13. A rechargeable lithium battery comprising

a positive electrode, a negative electrode, and an electrolyte,

wherein the positive electrode comprises a current collector and a positive active material layer disposed on the current collector,

wherein the positive active material is manufactured by the method comprising:

e) mixing a composite metal precursor and a lithium compound;

f) firing the mixture to prepare a positive active material;

g) mixing the resulting positive active material, a carbon coating material, and a solvent; and

h) heat-treating the resulting mixture to provide a positive active material coated with the carbon coating material,

the firing is performed at from about 400° C. to about 900° C., and

Li_aNi_xCo_yMn_zM′_kO₂ [Chemical Formula 1]
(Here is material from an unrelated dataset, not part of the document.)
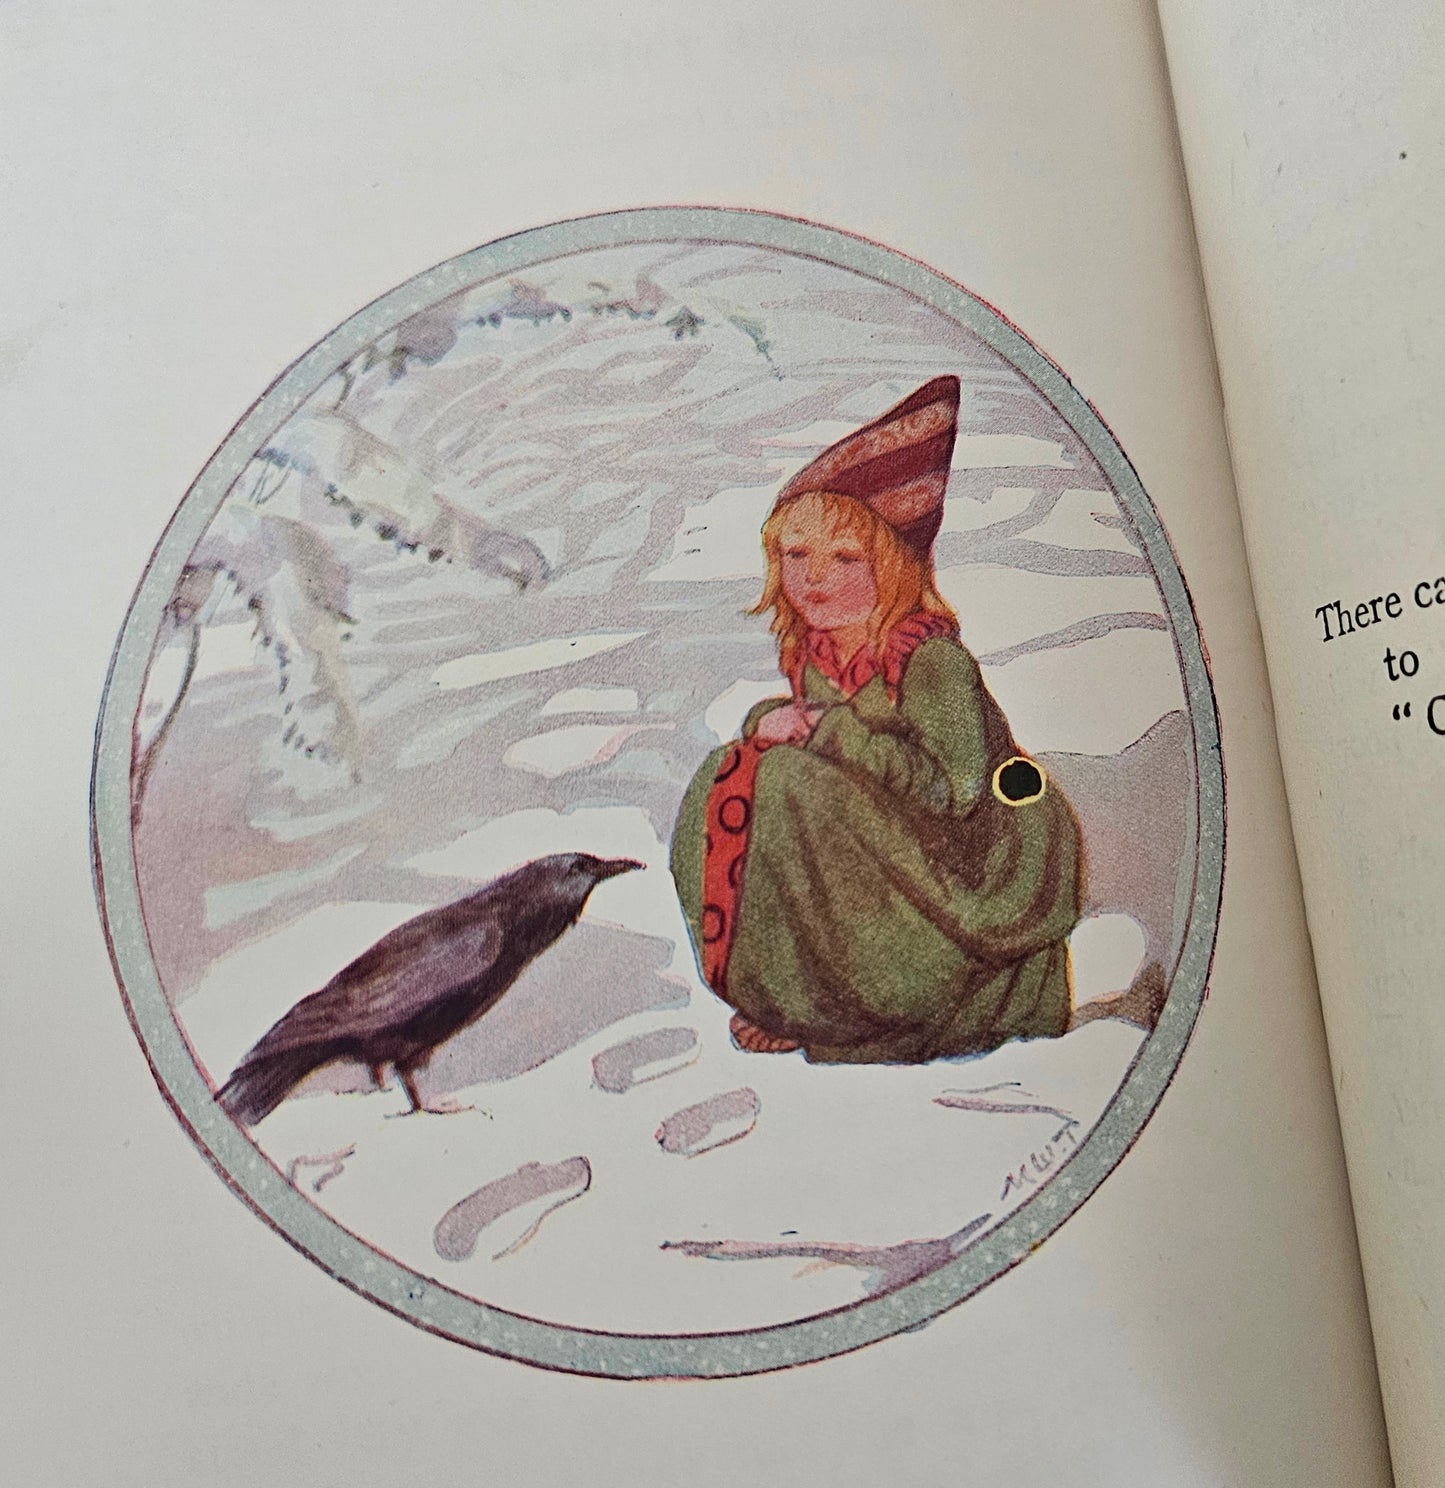 1917 Hans Andersen's Fairy Stories / 48 Colour Plates by Margaret Tarrant / Good Condition / Little Mermaid, Snow Queen, Ugly Duckling etc.
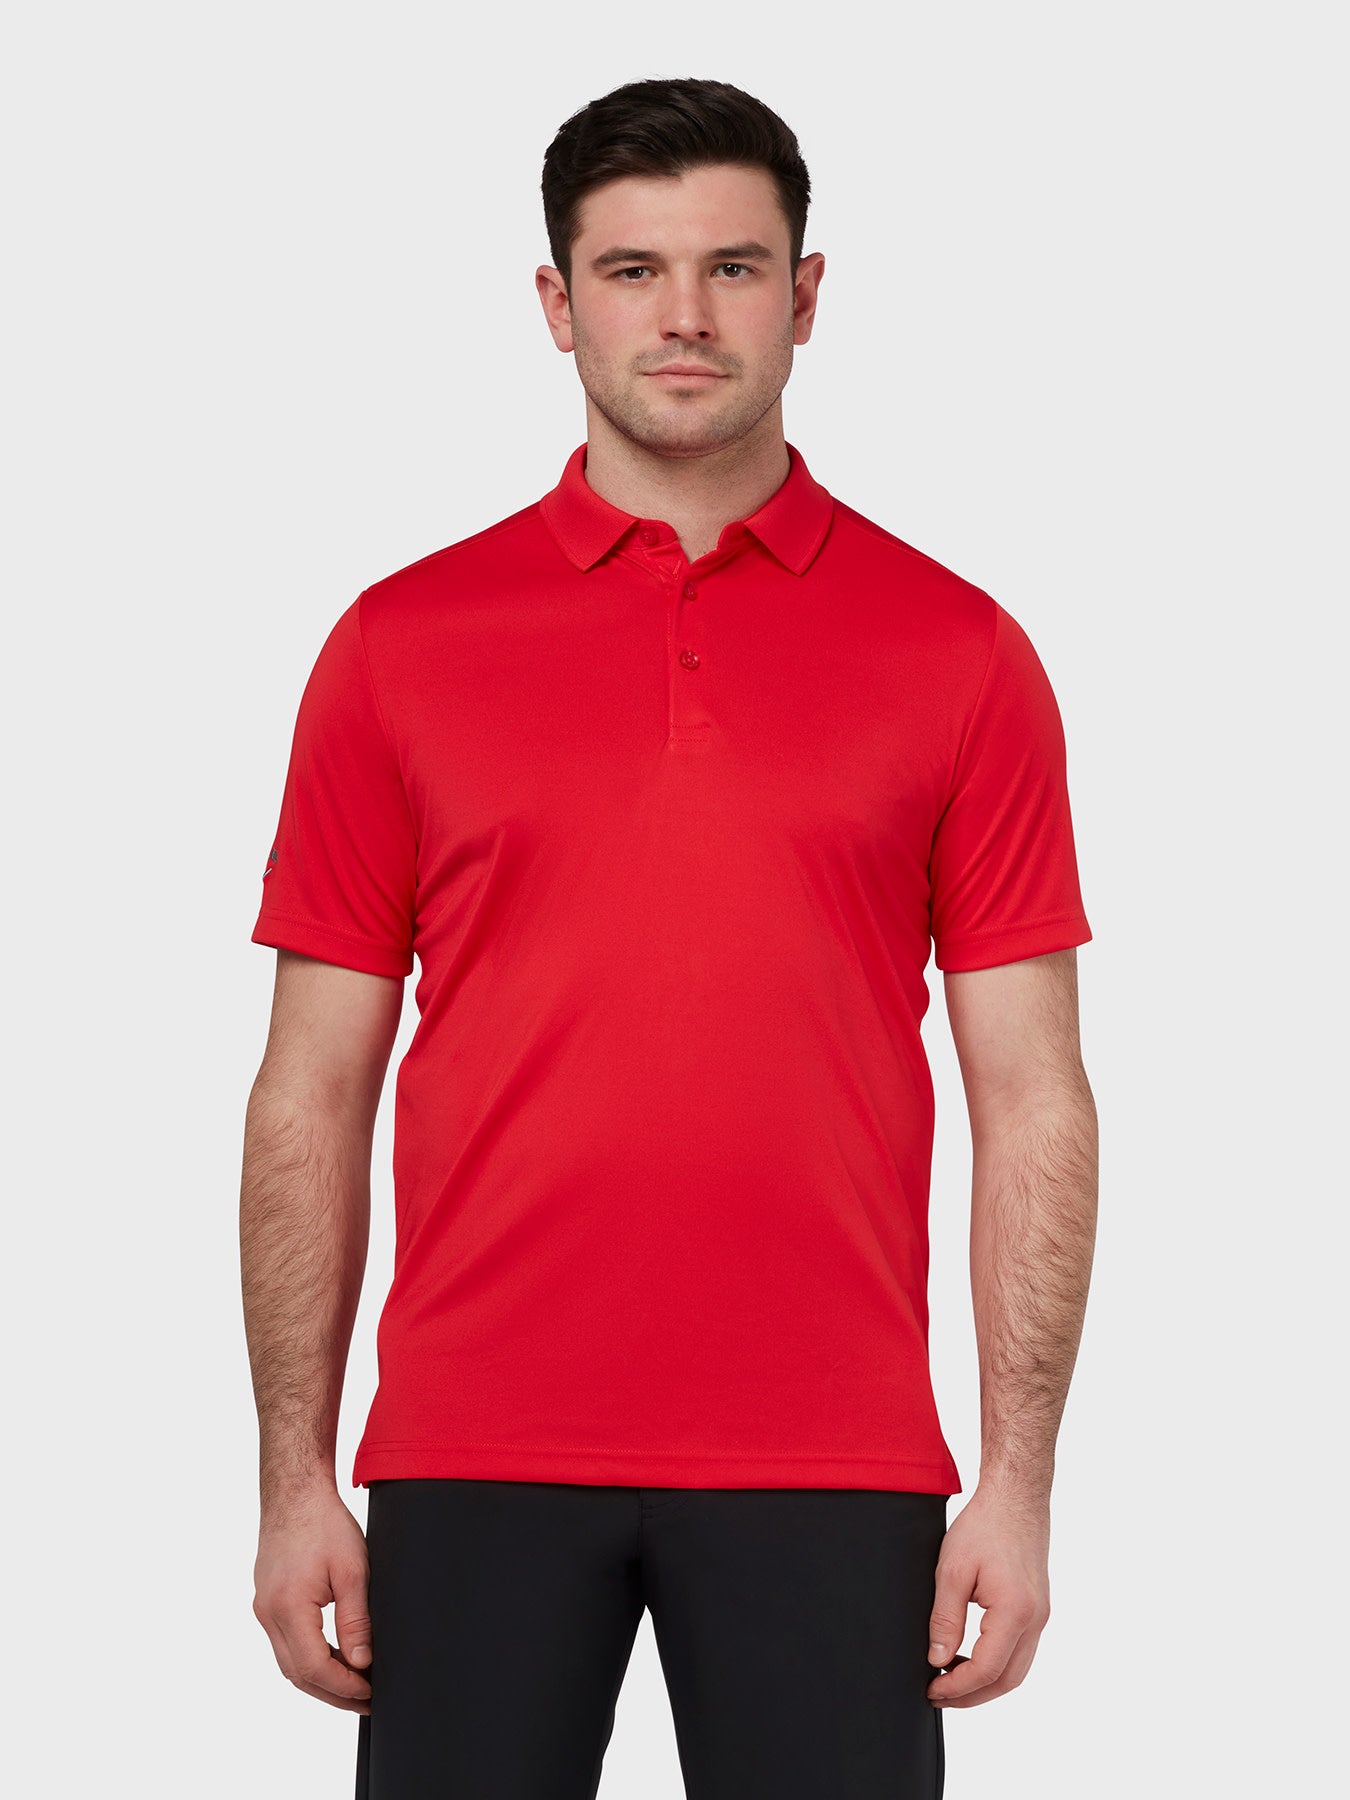 View Tournament Polo In True Red True Red XS information

wherein, 0.45≦x≦0.65, 0.15≦y≦0.25, 0.15≦z≦0.35, 0≦k≦0.1, x+y+z+k=1, 0.9≦a≦1.2, and M′ is Al, Mg, Ti, Zr, or a combination thereof.

14. The rechargeable lithium battery of claim 13, wherein the electrolyte comprises a non-aqueous organic solvent and a lithium salt.

15. The rechargeable lithium battery of claim 13, wherein the firing is performed in air.

16. The rechargeable lithium battery of claim 13, wherein 0.55≦x≦0.65, 0.15≦y≦0.25, 0.15≦z≦0.25, 0≦k≦0.1, and x+y+z+k=1.

17. The rechargeable lithium battery of claim 16, wherein the y and z are the same.

18. The rechargeable lithium battery of claim 13, wherein the composite metal precursor and the lithium compound are mixed so that lithium of the lithium compound relative to the metal of the composite metal precursor is present at a mole ratio of about 0.9 to about 1.2.

19. The rechargeable lithium battery of claim 18, wherein the mole ratio of lithium of the lithium compound relative to the metal of the composite metal precursor is about 0.97 to about 1.05.

20. The rechargeable lithium battery of claim 13, wherein the lithium compound of step a) comprises lithium carbonate, lithium nitrate, lithium acetate, lithium hydroxide, lithium hydroxide hydrate, lithium oxide, or a combination thereof.